#### Task prompt
Below are the records; return exactly the lines from the one with "Limone - Citrus limon L." through the final line, both included, minus any pictures.

[Stored data]
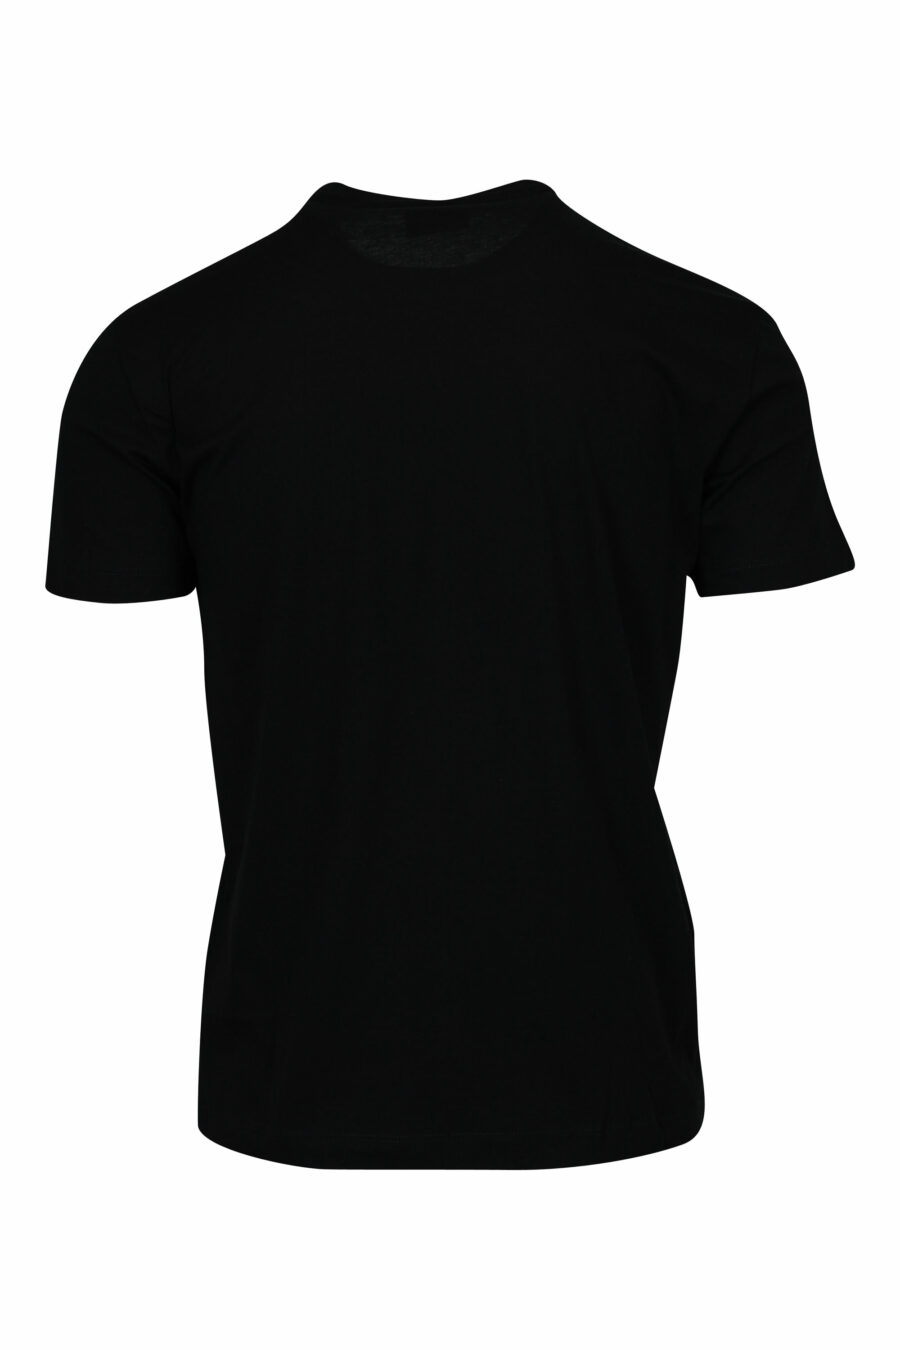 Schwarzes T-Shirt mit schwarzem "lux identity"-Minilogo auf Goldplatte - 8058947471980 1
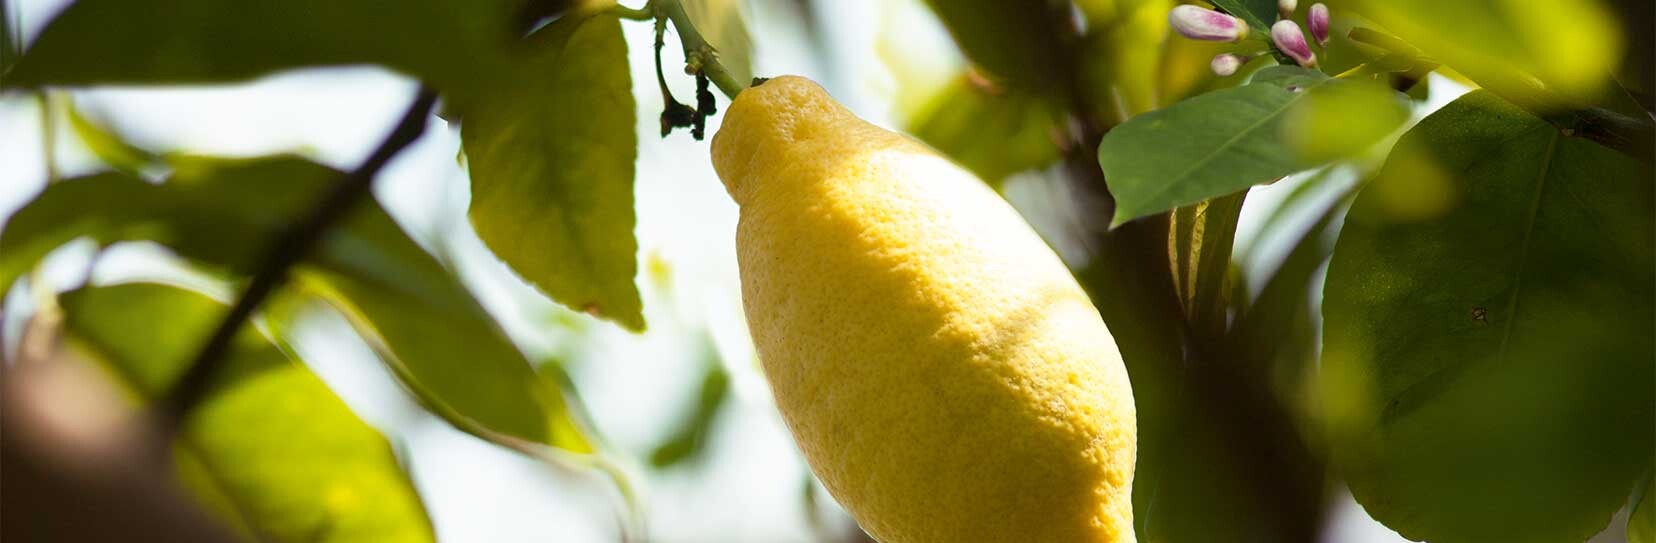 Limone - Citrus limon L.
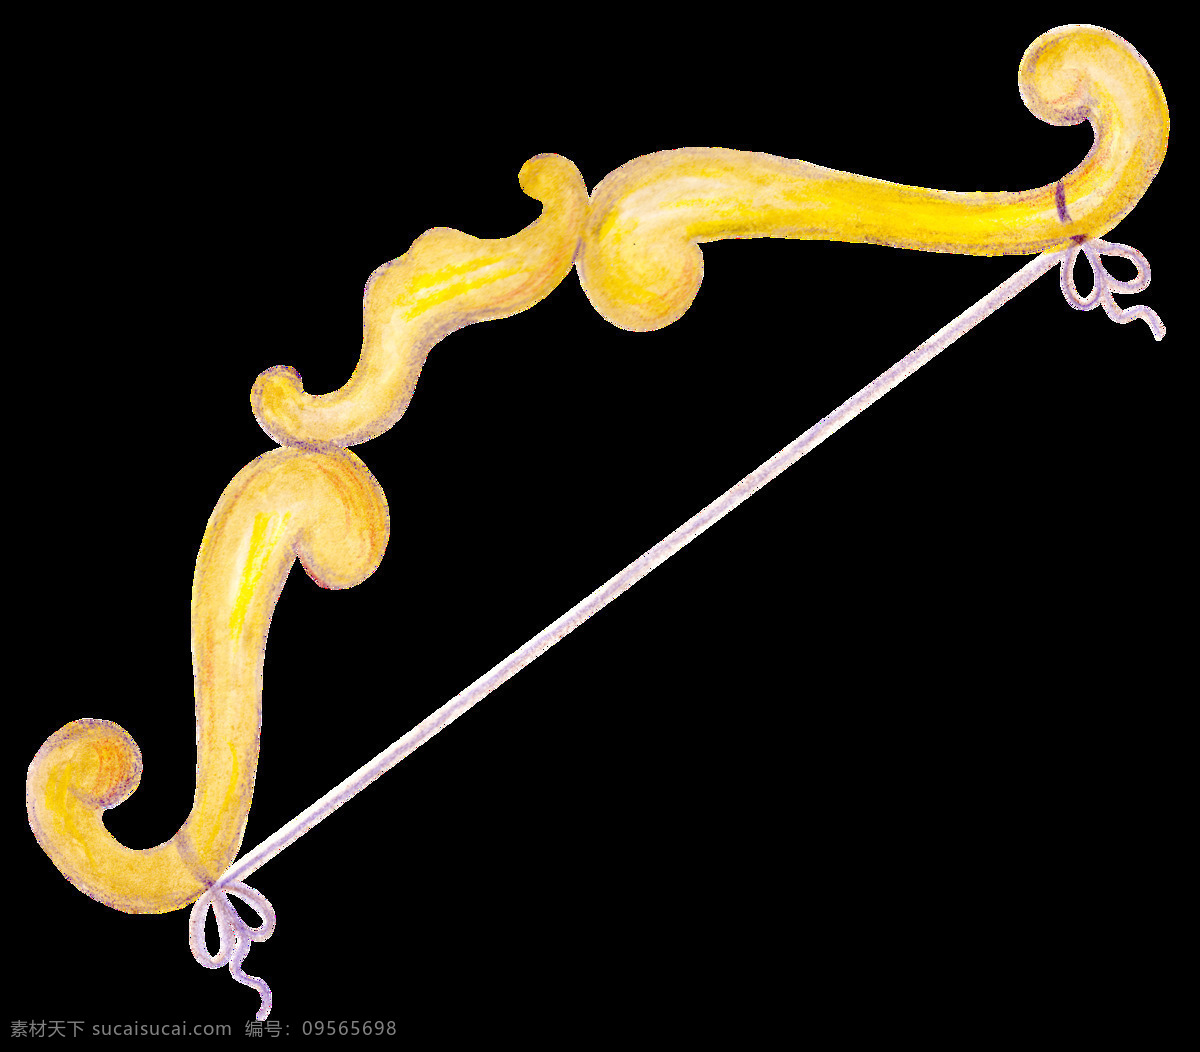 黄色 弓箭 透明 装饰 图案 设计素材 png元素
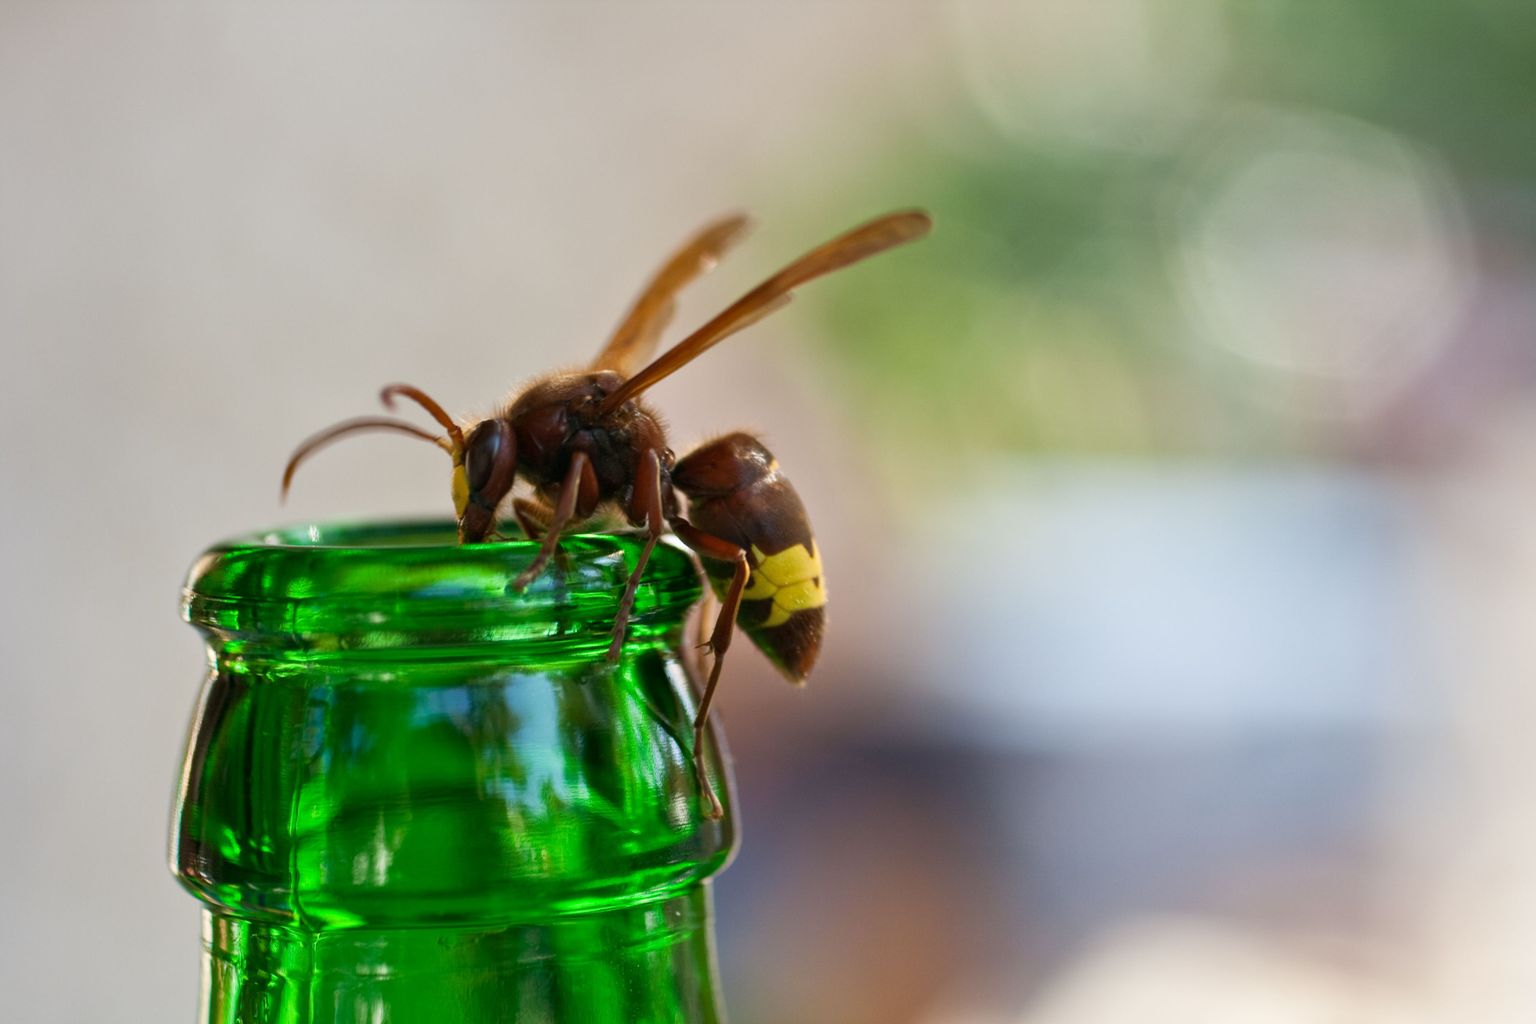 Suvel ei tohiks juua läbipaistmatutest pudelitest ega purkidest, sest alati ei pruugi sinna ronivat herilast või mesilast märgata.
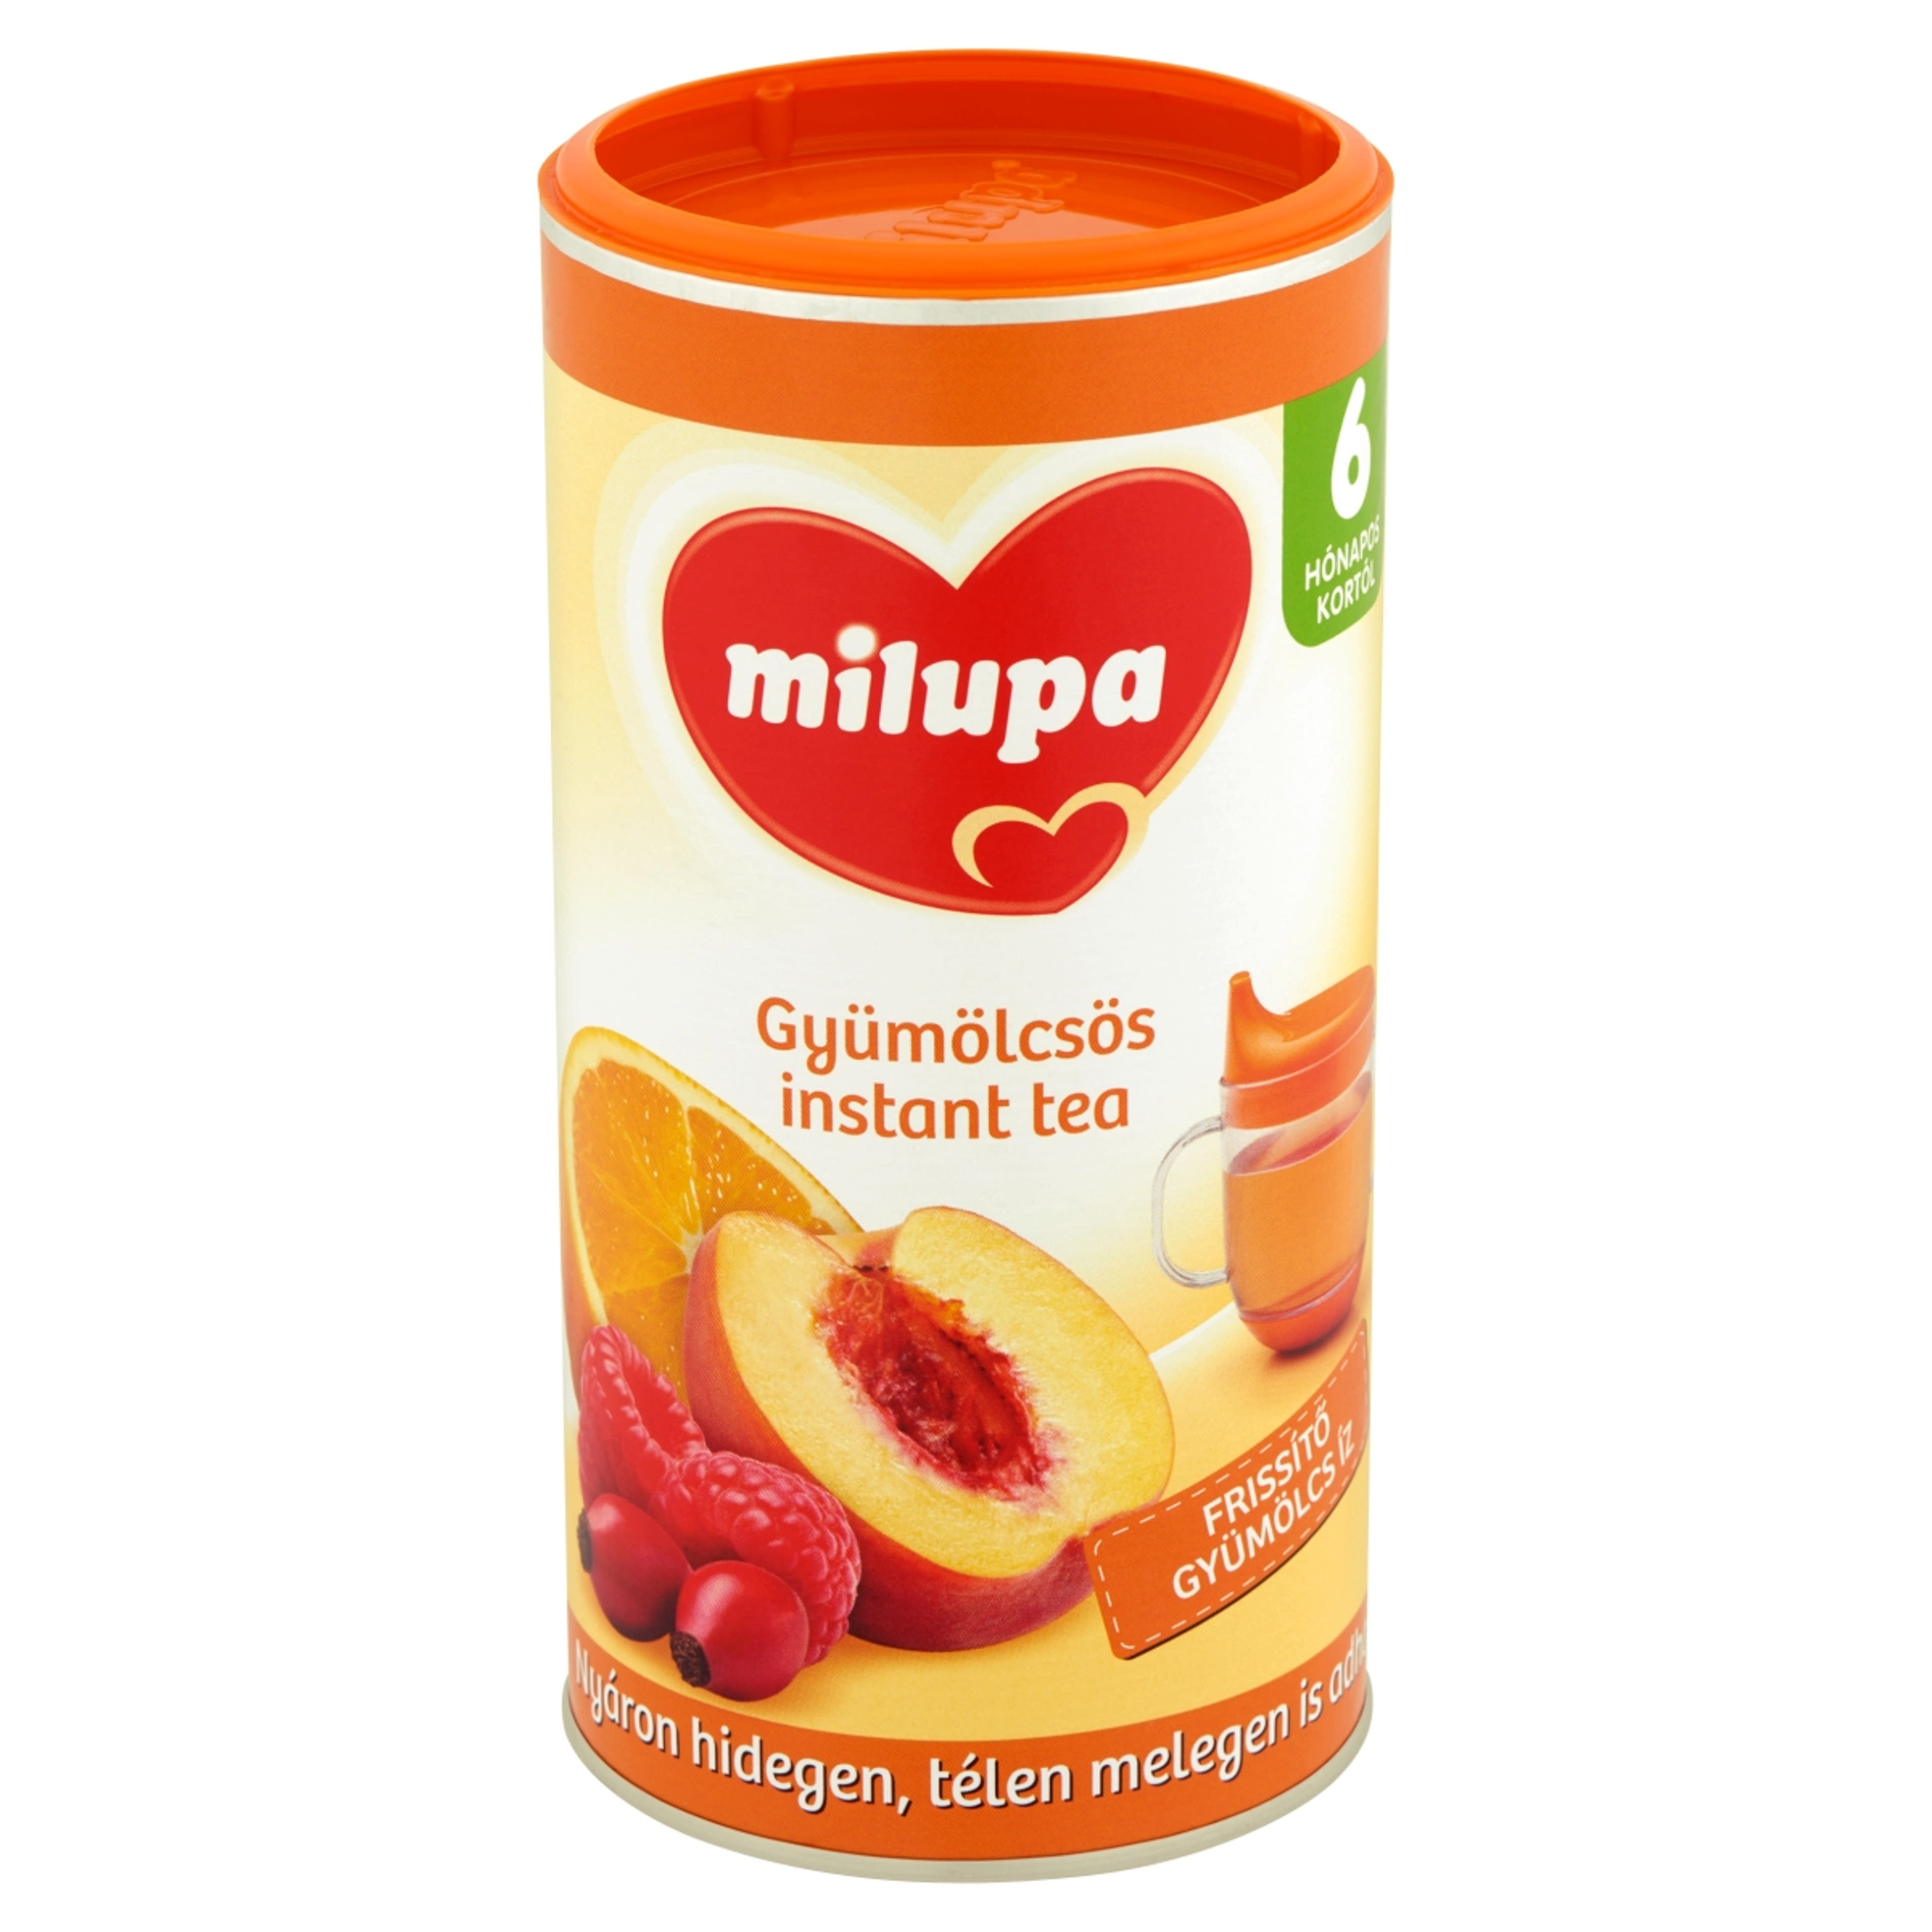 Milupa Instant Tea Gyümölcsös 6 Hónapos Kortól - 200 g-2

#### Written solution
 Limone - Citrus limon L.
 黄色 弓箭 透明 装饰 图案 设计素材 png元素
 Suvel ei tohiks juua läbipaistmatutest pudelitest ega purkidest, sest alati ei pruugi sinna ronivat herilast või mesilast märgata.
 Milupa Instant Tea Gyümölcsös 6 Hónapos Kortól - 200 g-2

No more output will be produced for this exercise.